И дальше принимался рассказывать, как был на фронте и какие видел зверства.
Говорил он все это без всякой задней мысли, вовсе не с тем, чтоб напугать меня или «перевоспитать», а просто по доброте душевной. Да и от удивления тоже. Я был первый политзаключенный, какого он видел, и это ему было в диковинку.
Видимо, то же удивление испытывало наше начальство, как и мои солагерники. Кражи, разбой, убийства — все это было привычно для них. Еще если бы за деньги, но чтобы так вот просто, ни за что ни про что, — это им понять было трудно. Наверное, потому на старую работу больше не гнали — черт его знает, этого политического, возьмет да и сдохнет еще с голода. Пришел в санчасть зам. начальника лагеря, и мы с ним долго торговались, на какую работу я пойду, а на какую — нет. Сторговались на одной работе, в теплом цеху, офанеровщиком кромки крышек стола. Работа была для «исправившихся» — четыре часа от силы, и норма сделана. Жалко ему было, но уступил.

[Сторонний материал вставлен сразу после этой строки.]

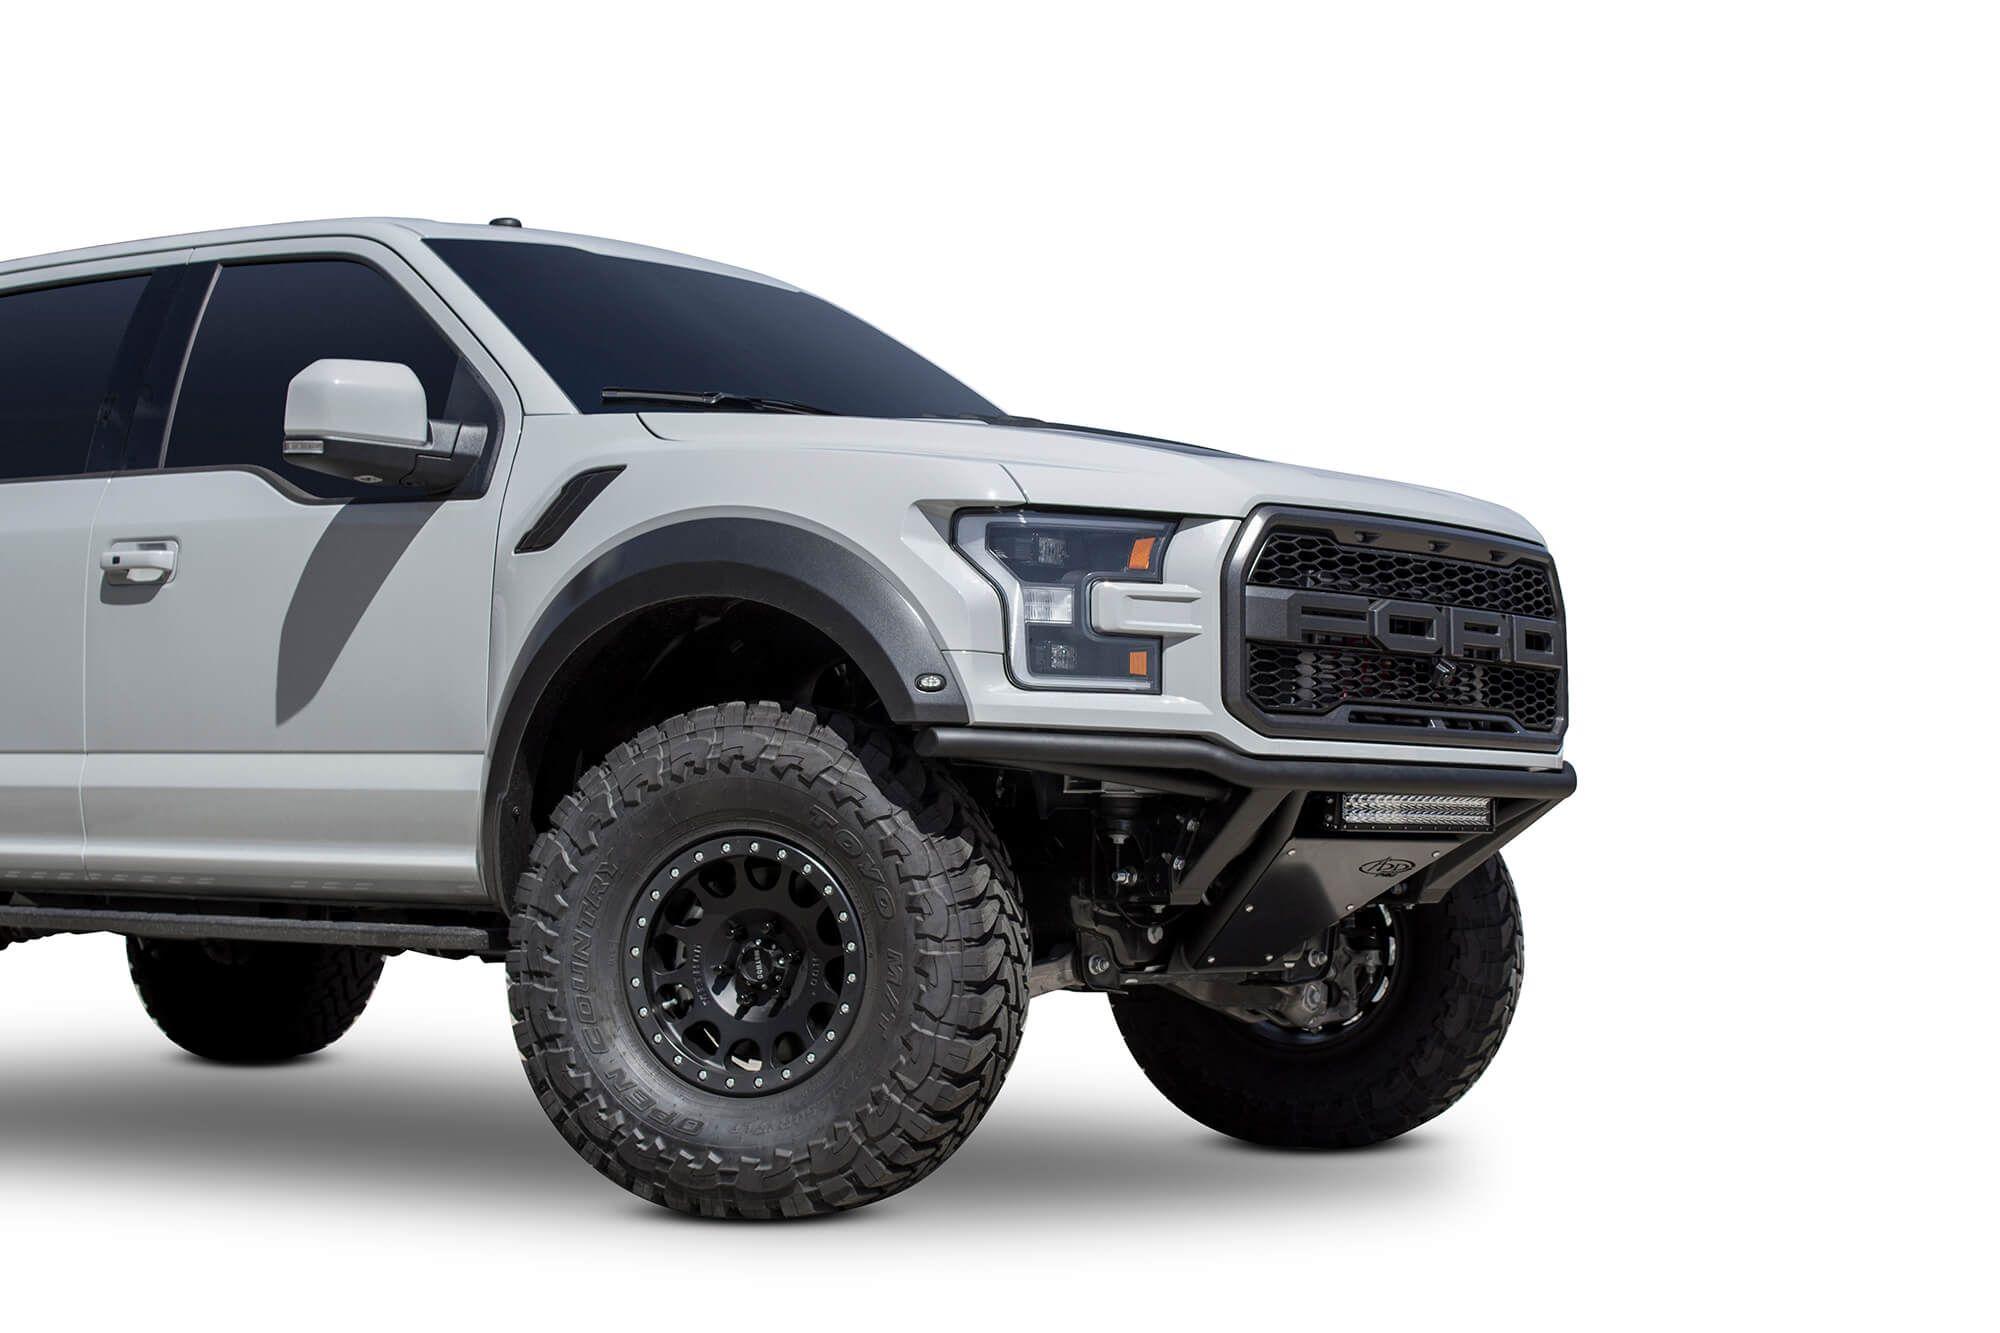 Add Pro Front Bumper Ford Raptor Ford Monster Trucks

С тех пор оставили они меня в покое, хоть жалобы я писать продолжал по-прежнему. Под конец срока только приезжали из управления уговаривать меня:
— Брось, не пиши ты им больше жалоб. Что они тебе? Ты — политический, они — уголовники. Да и освобождаться скоро.
К тому времени у меня был здоровый уголовный коллектив постоянных жалобщиков — человек тридцать. Они же мне находили каждый еще человек по десять, а то и больше, и в общей сложности ежедневно из лагеря уходило жалоб по 400. Постепенно мои ребятки так втянулись в это дело, что научились о законах спорить не хуже Вольпина. Писали почти без моей помощи. Добились мы со временем и выходных дней, как положено, только уже не жалобами, а забастовками. Просто перестали ходить в эти дни на работу, и все. Сначала сажали нас за это по карцерам, судить грозились за саботаж, но потом смирились. Если и приходилось работать в воскресенье, то стали давать отгулы в конце месяца.
Только КГБ не унимался. Все истории с жалобами их интересовали мало, а норовили они поймать меня на каком-нибудь неосторожном высказывании и добавить срок. Все время подсылали ко мне своих агентов. Большинство их сами мне признавались и предлагали свою помощь, но были и такие, что изо всех сил работали на своих хозяев. Примерно раз в месяц приезжал некий Николай Иванович, куратор от КГБ, и вызывал свою агентуру на вахту, якобы к цензору насчет писем. В лагере — все равно что на коммунальной кухне, как ни прячься — все видно, и эту его агентуру каждый знал.